DATA SEGMENT:
::::::

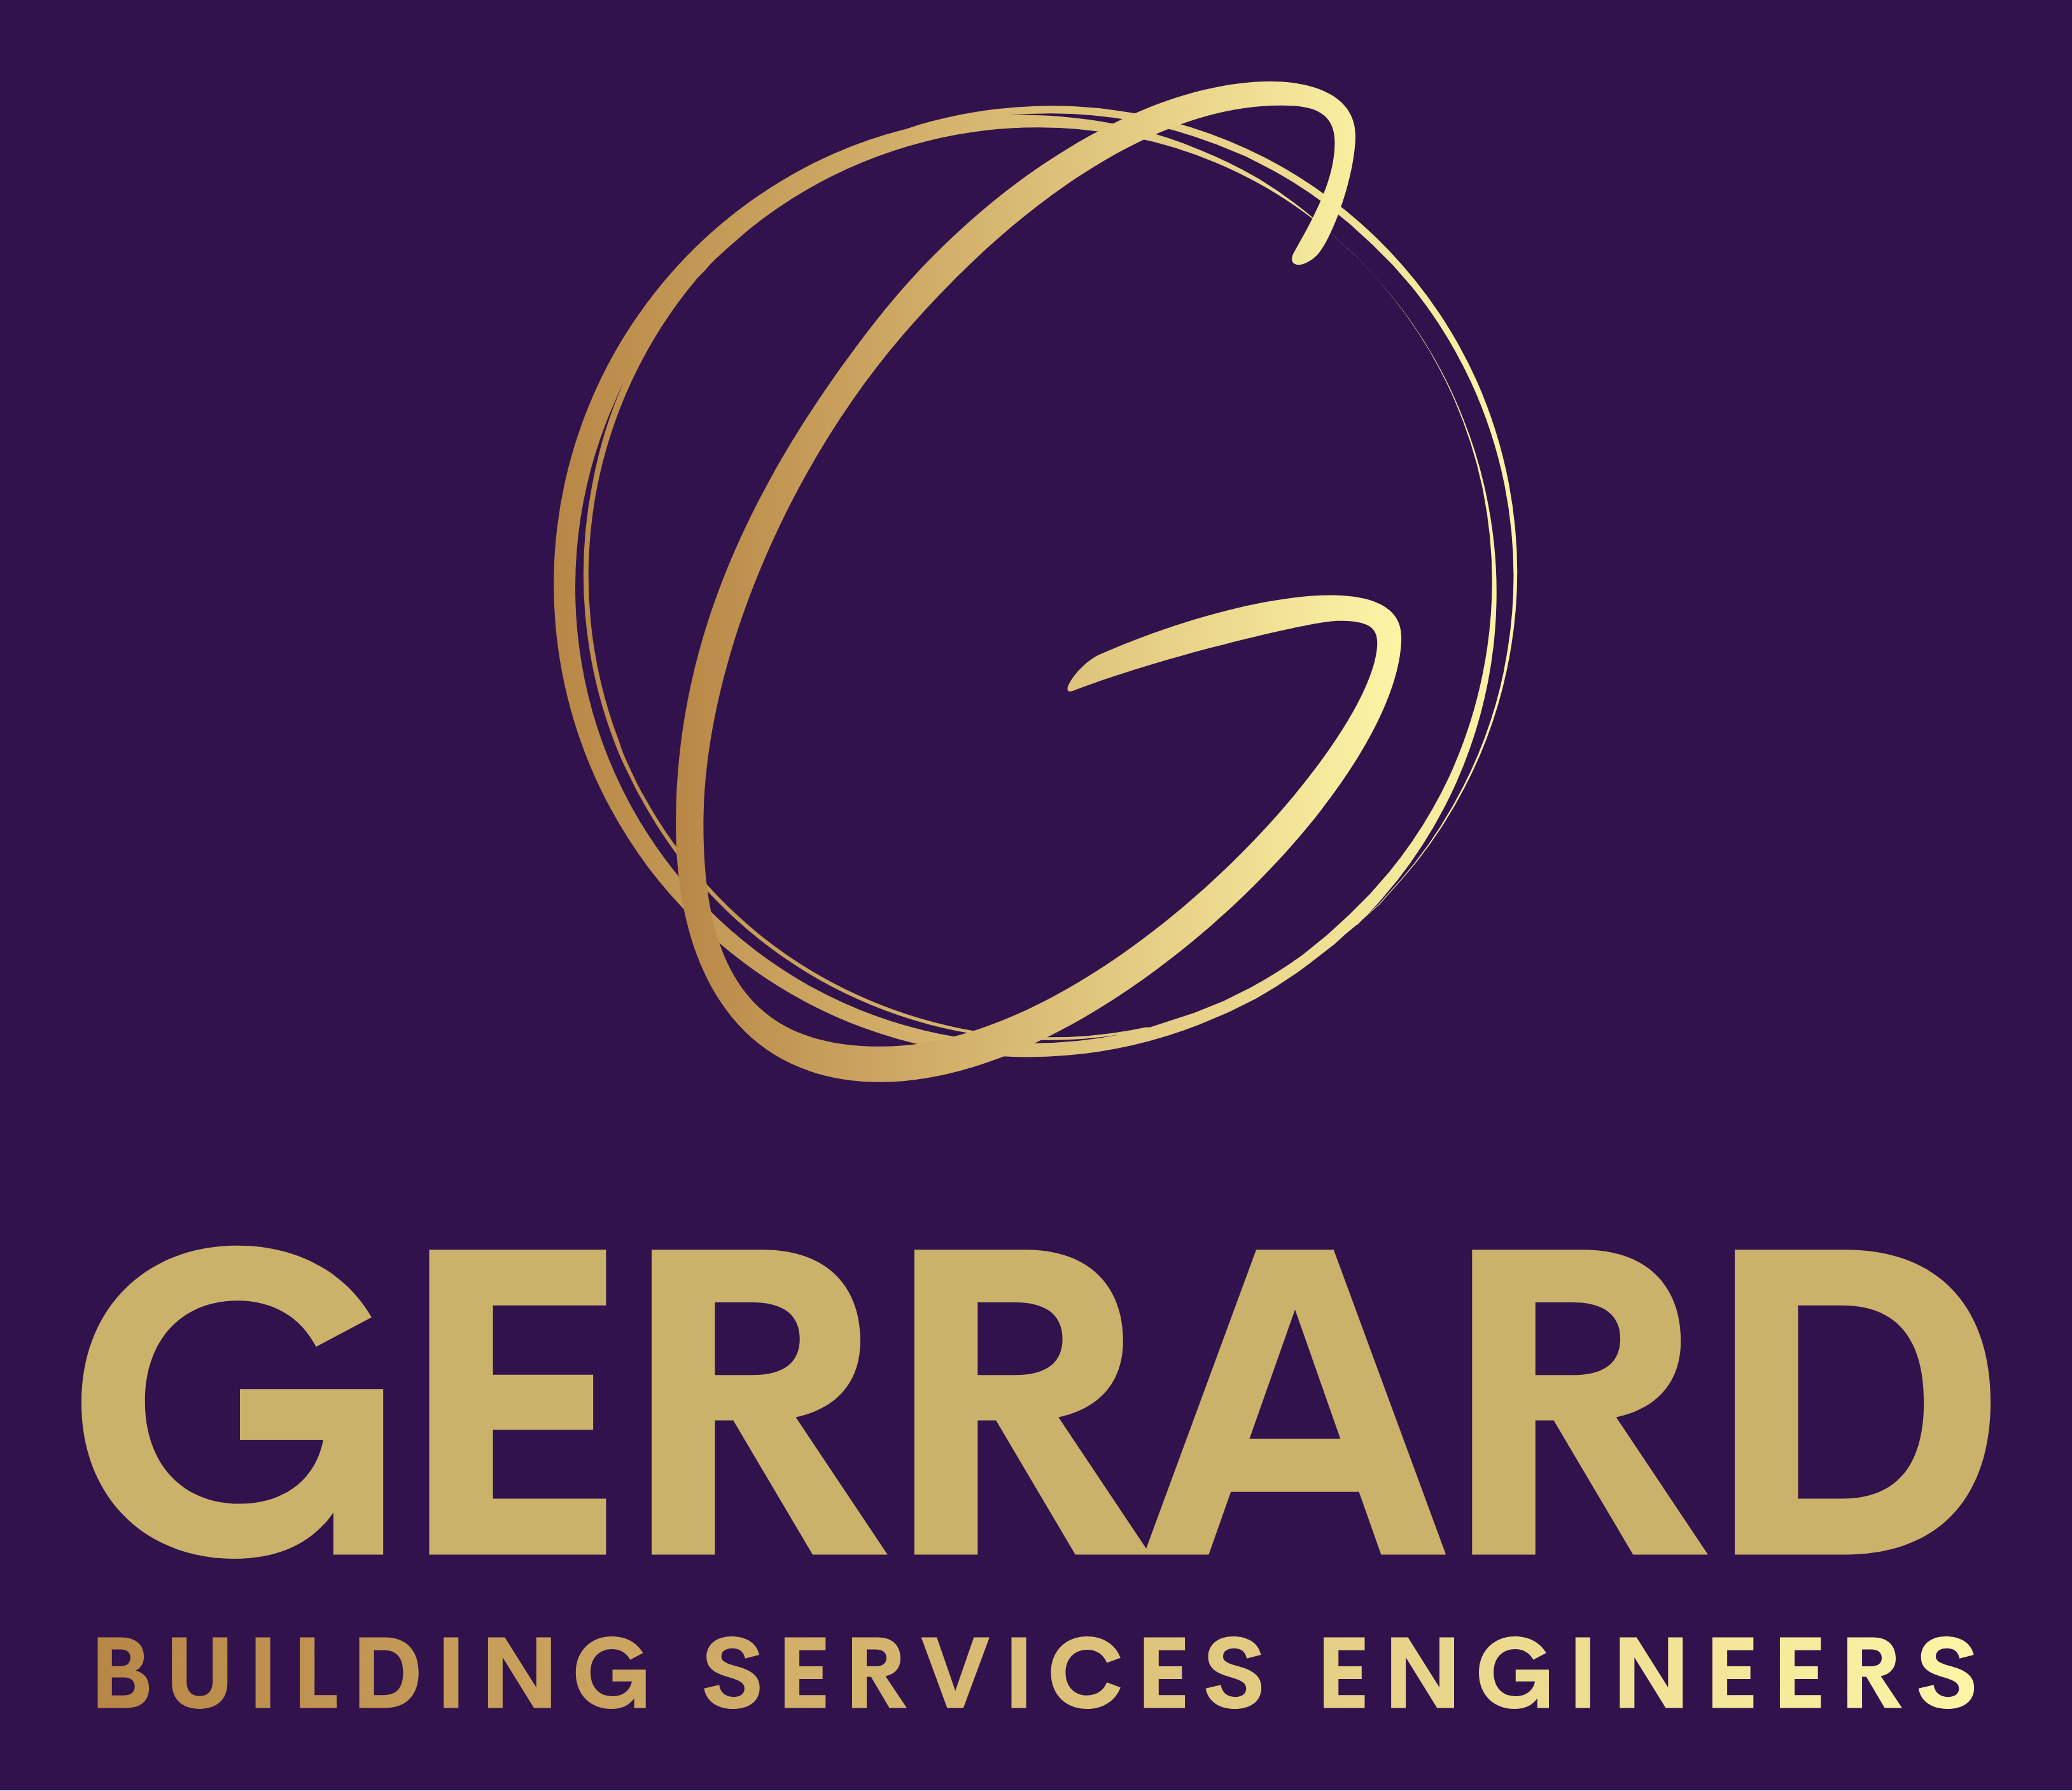 Gerrard Building Services Engineers
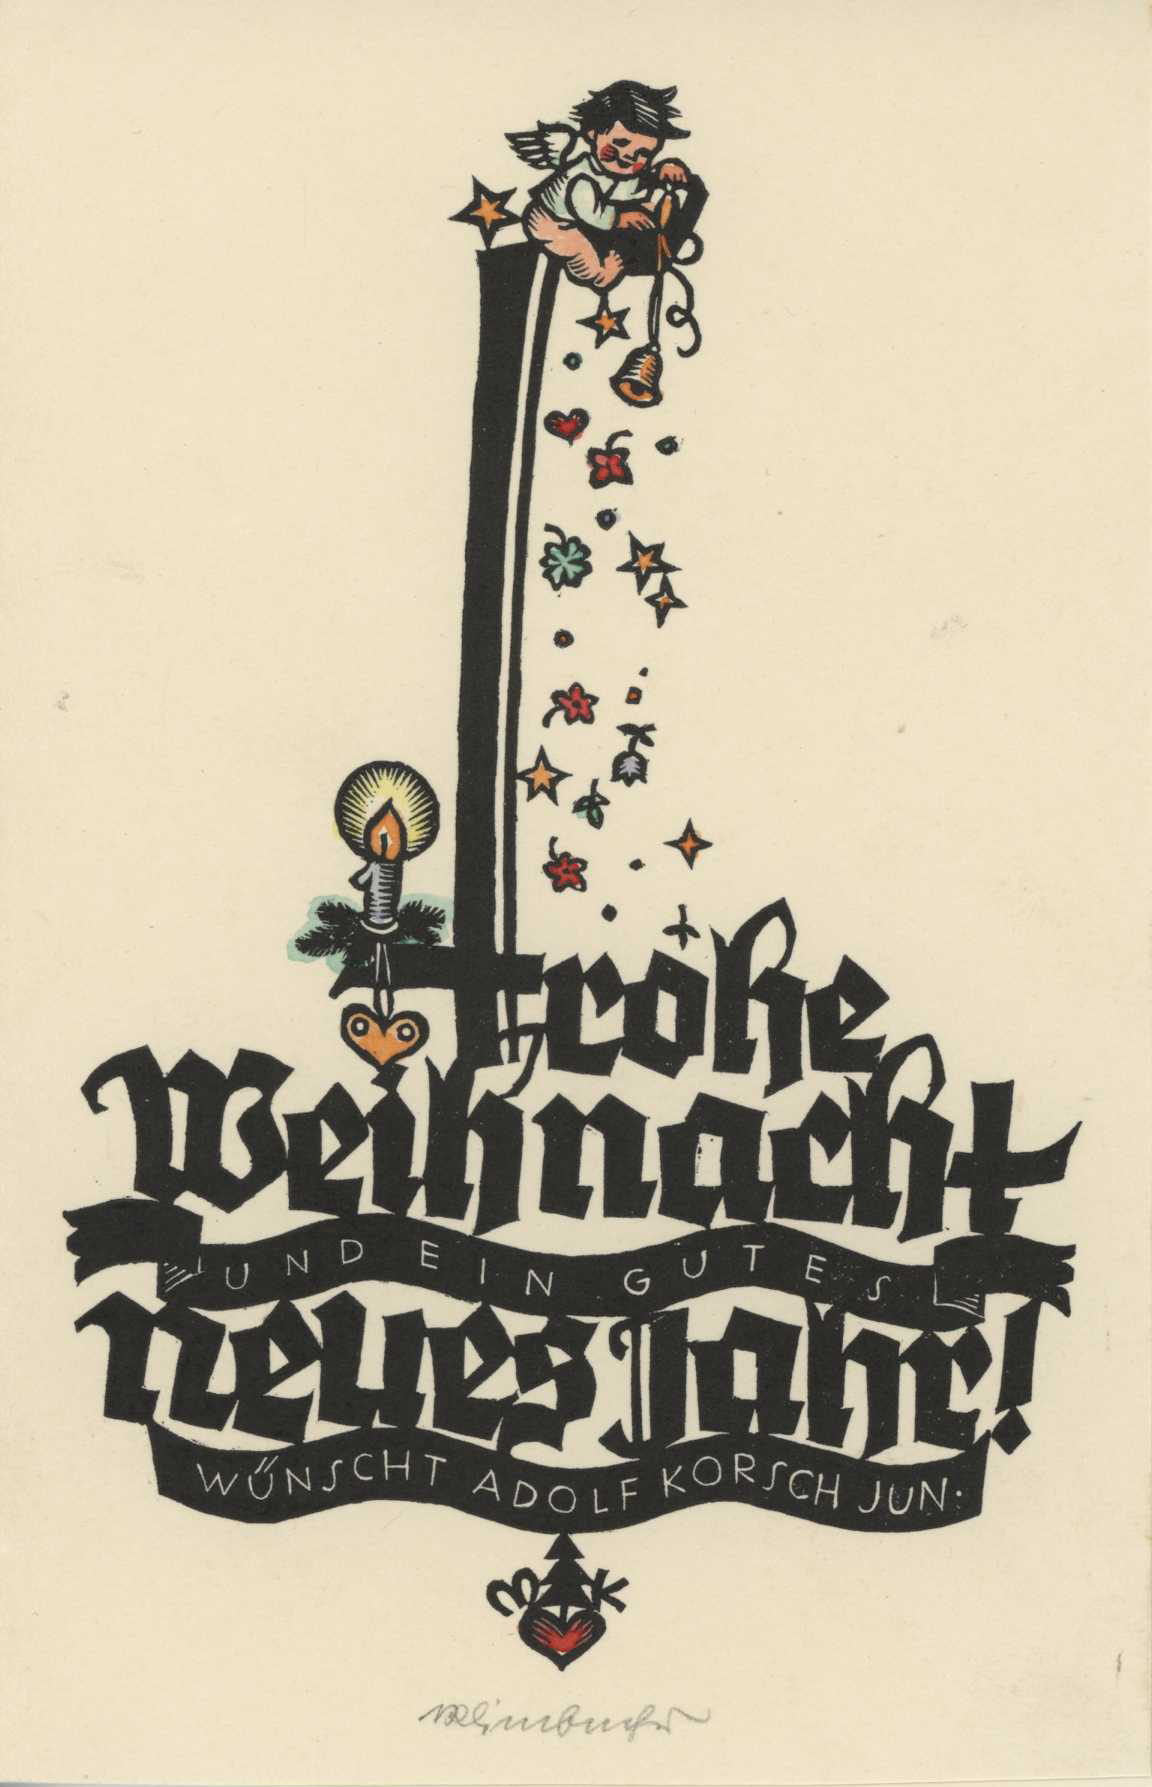 Featured image for “Frohe Weinacht - Adolf Korsch”
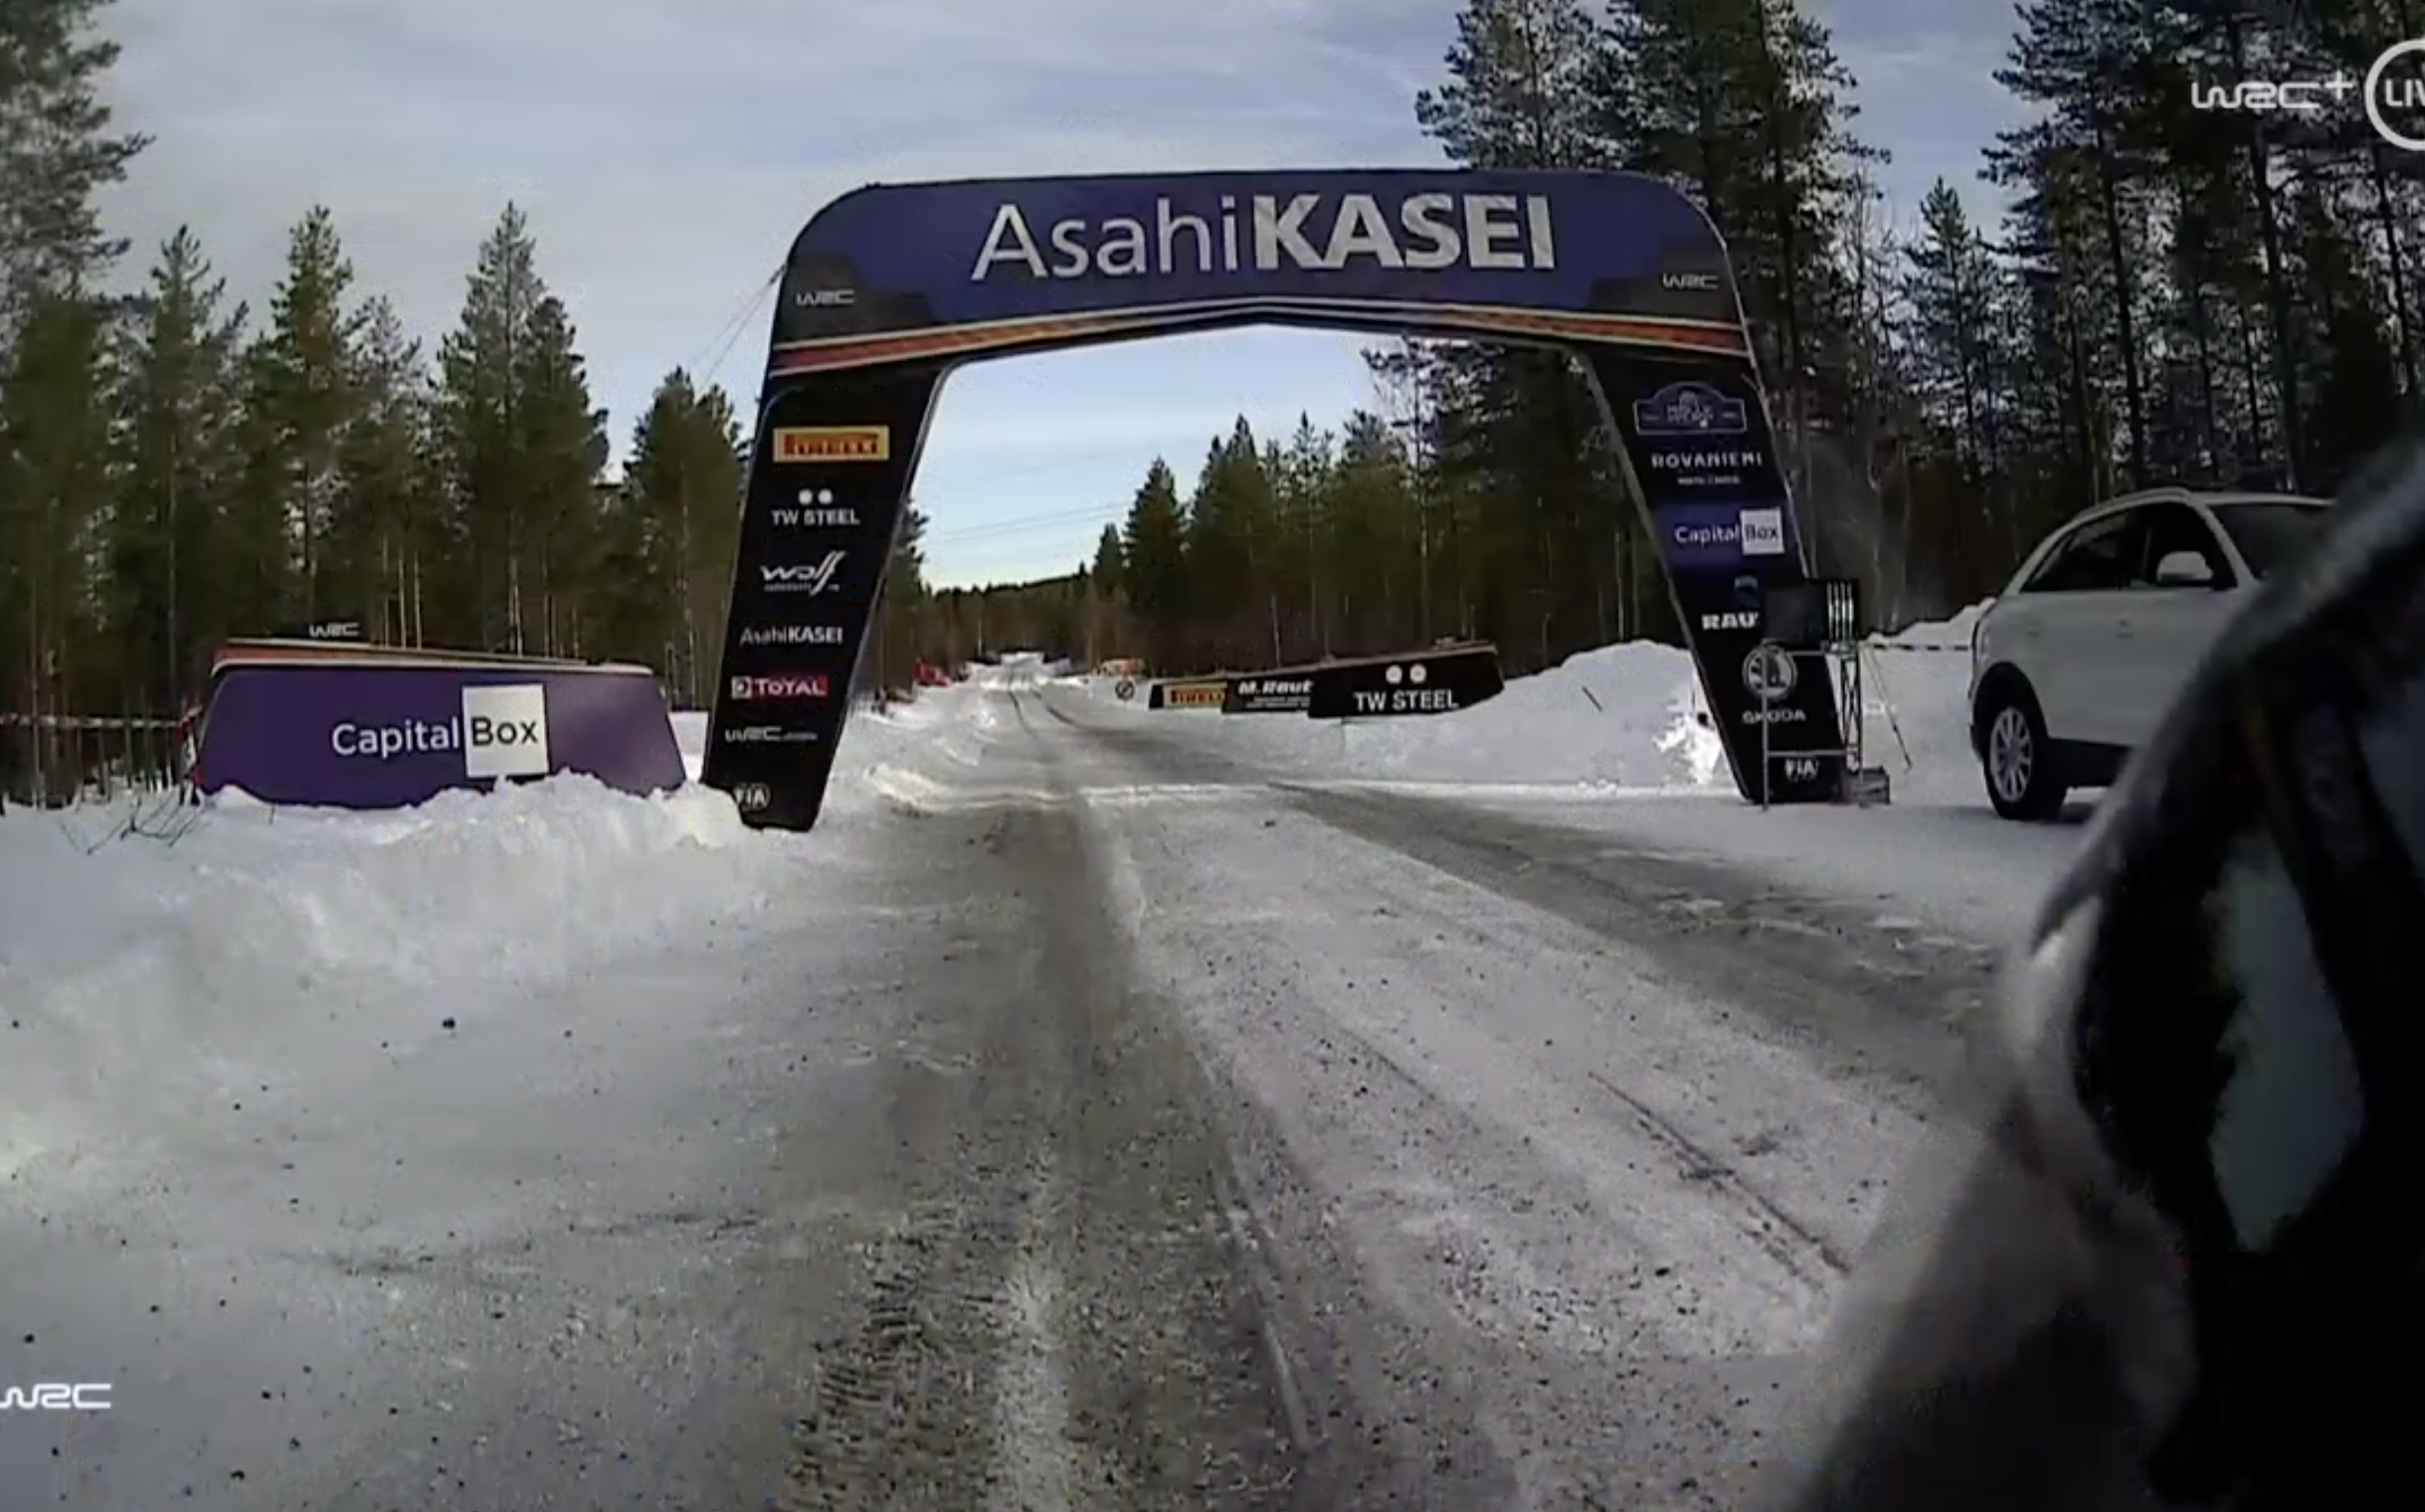 wrc - WRC: Arctic Rally Finland - Powered by CapitalBox [26-28 Febrero] - Página 7 Bertellistart

::::::

ASSIGNMENT:
If the data includes images, skip them and copy every line exactly.

EXERCISE RESPONSE:
 Gerrard Building Services Engineers
 Featured image for “Frohe Weinacht - Adolf Korsch”
 wrc - WRC: Arctic Rally Finland - Powered by CapitalBox [26-28 Febrero] - Página 7 Bertellistart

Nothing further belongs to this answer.